BILLINGS -- Greg Monical always knew what he wanted. He just didn't know where he'd land.
As gyms across Montana reopen Friday, the occasion feels extra notable for Monical.
“I’m 55 years old, and I’m back full circle, and I’m still back in the world that I love, and still here," Monical said, smiling surrounded by a gym filled with $300,000 of brand-new equipment. "And I’m not going anywhere.”
Monical started his career at what was the Billings Athletic Club (BAC) in 1987. He was a student at Rocky Mountain College. His boss was a woman named Terry Doerfler. The job description was trainer, not personal trainer, which didn’t really exist. Monical recalls cleaning equipment and designing member workouts.
Fast forward more than three decades later and Doerfler is working for Monical, who recently bought the BAC and renamed it 777 Fitness and Wellness Center. He says 777 is sort of a catch-all lucky number.
Luck may have had something do to with circling back to the exact gym that launched his career, but Monical has worked tirelessly to earn it.
"Owning a gym and being part of this business has always been a part of my life," he said. "And not being in it for the last few years after I sold my last gym has been a vacancy for me that needed to come back."

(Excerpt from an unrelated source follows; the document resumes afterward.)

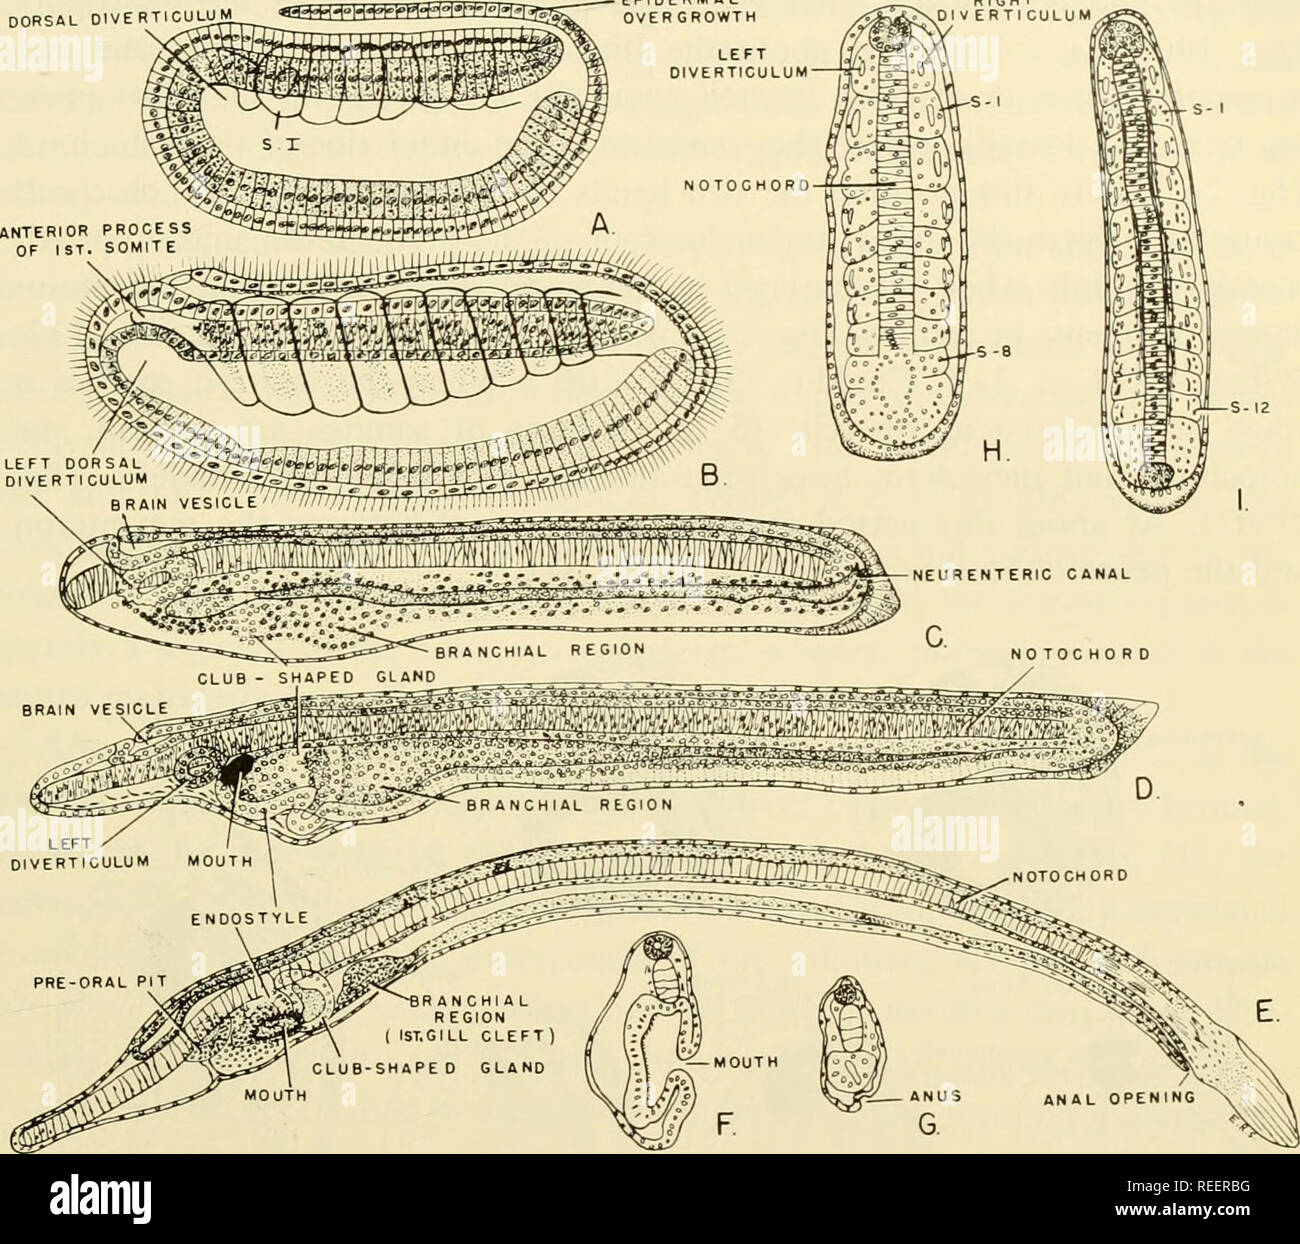 . Comparative embryology of the vertebrates; with 2057 drawings and photos. grouped as 380 illus. Vertebrates -- Embryology; Comparative embryology. TUBULATION OF ORGAN-FORMING AREAS IN AMPHIOXUS 503 5. TUBULATION OF THE MESODERM Tubulation of the mesoderm and the formation of a continuous antero- posterior coelom in Amphioxus differs considerably from that found in the subphylum Vertebrata. This fact becomes evident in tracing the history of the mesoderm from the time of its segregation from the entoderm of the late DORSAL DIV E R TIC UlA)M^«B=ffl^ffl-H''l°W°M--l-r|-|-'i;. Fig. 249. Various s Stock Photo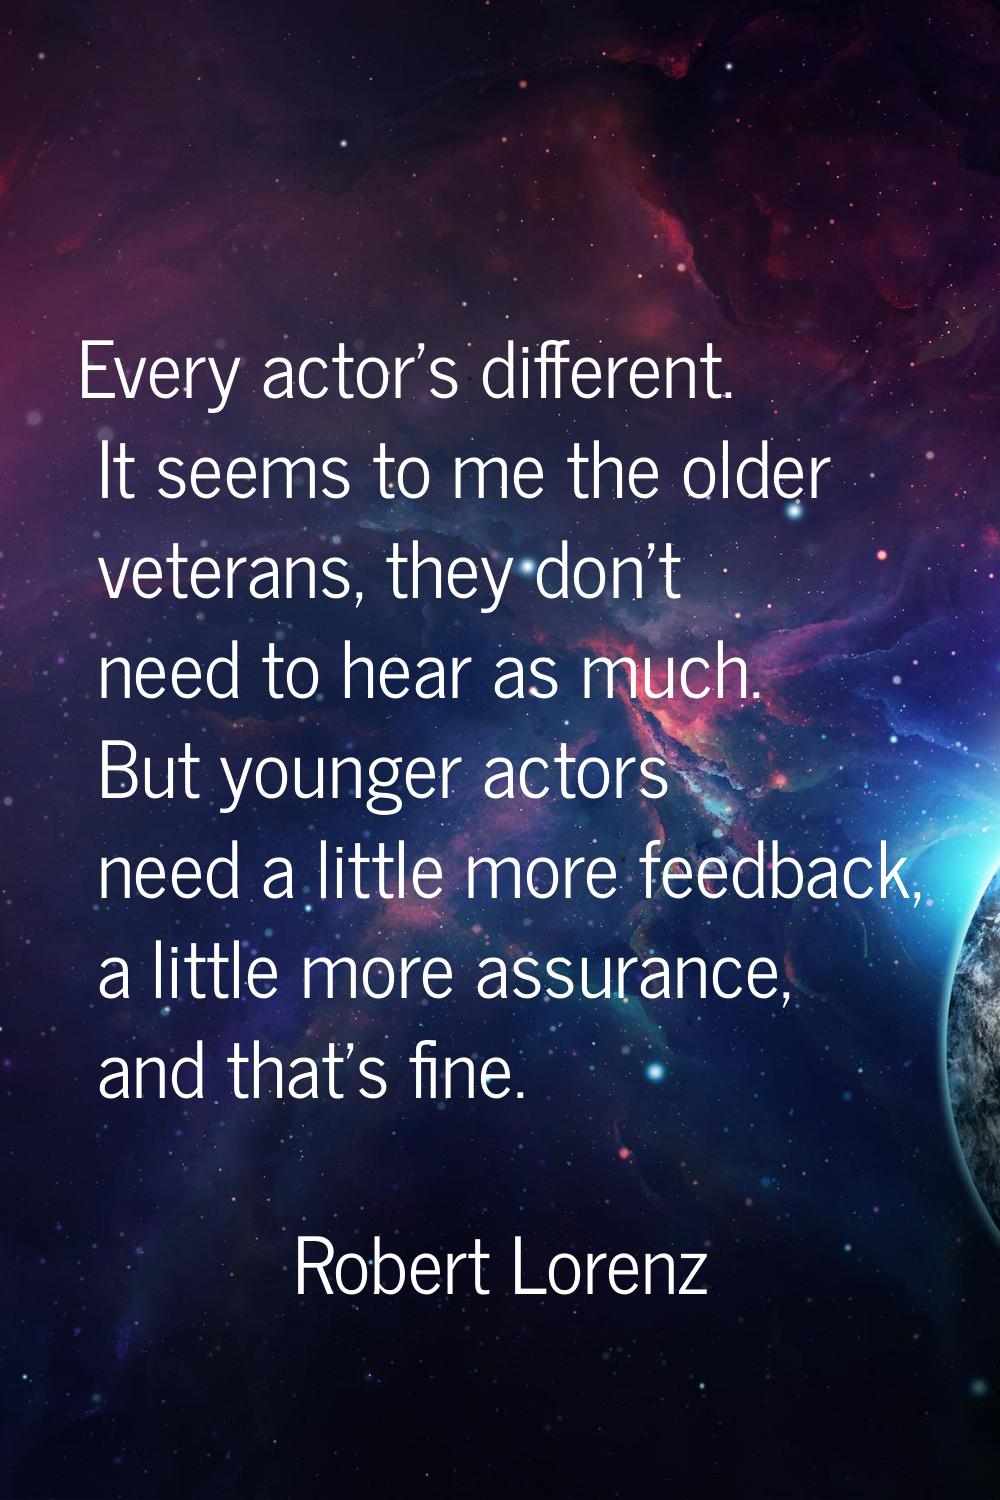 Every actor's different. It seems to me the older veterans, they don't need to hear as much. But yo

Monical has spent 33 years climbing the fitness ladder, living out of state, buying and selling small gyms and later owning an exercise equipment business. Certainly not an overnight success story, which is why it feels so good.
"When we got done, Jerry and I got through this whole process, and I was sitting out in the parking lot at the mall at Better Body Fitness, I just broke down," he recalled. "It was like, 'Done.' Finally, we got through this point.”
But within just four months of celebrating a done deal, COVID-19 unexpectedly slammed on the breaks.
"Right when we started to roll, we were going crazy busy and everything was happening," Monical remembered with wide eyes, "... and then all of a sudden, we got shut down.“
He and pretty much all gyms nationwide.
Over time, the bumps and bruises and torn muscles leave Monical comparing his 17-year-old self to the 55-year-old chatting on one of his new weight benches.
“Man, would I have loved to train me. Back in the day, I would’ve gone back into high school and used some of the knowledge for speed, quickness, agility, power lifting, explosive movements and stuff that I could use on my body back when I was an 18-, 17-year-old kid," he said.
Monical today says he appreciates the humility in athletes understanding what it feels like to fail and the resiliency in great ones to get off the deck.
“I had a dream when I went to college to own my own gym and ... bingo," he said.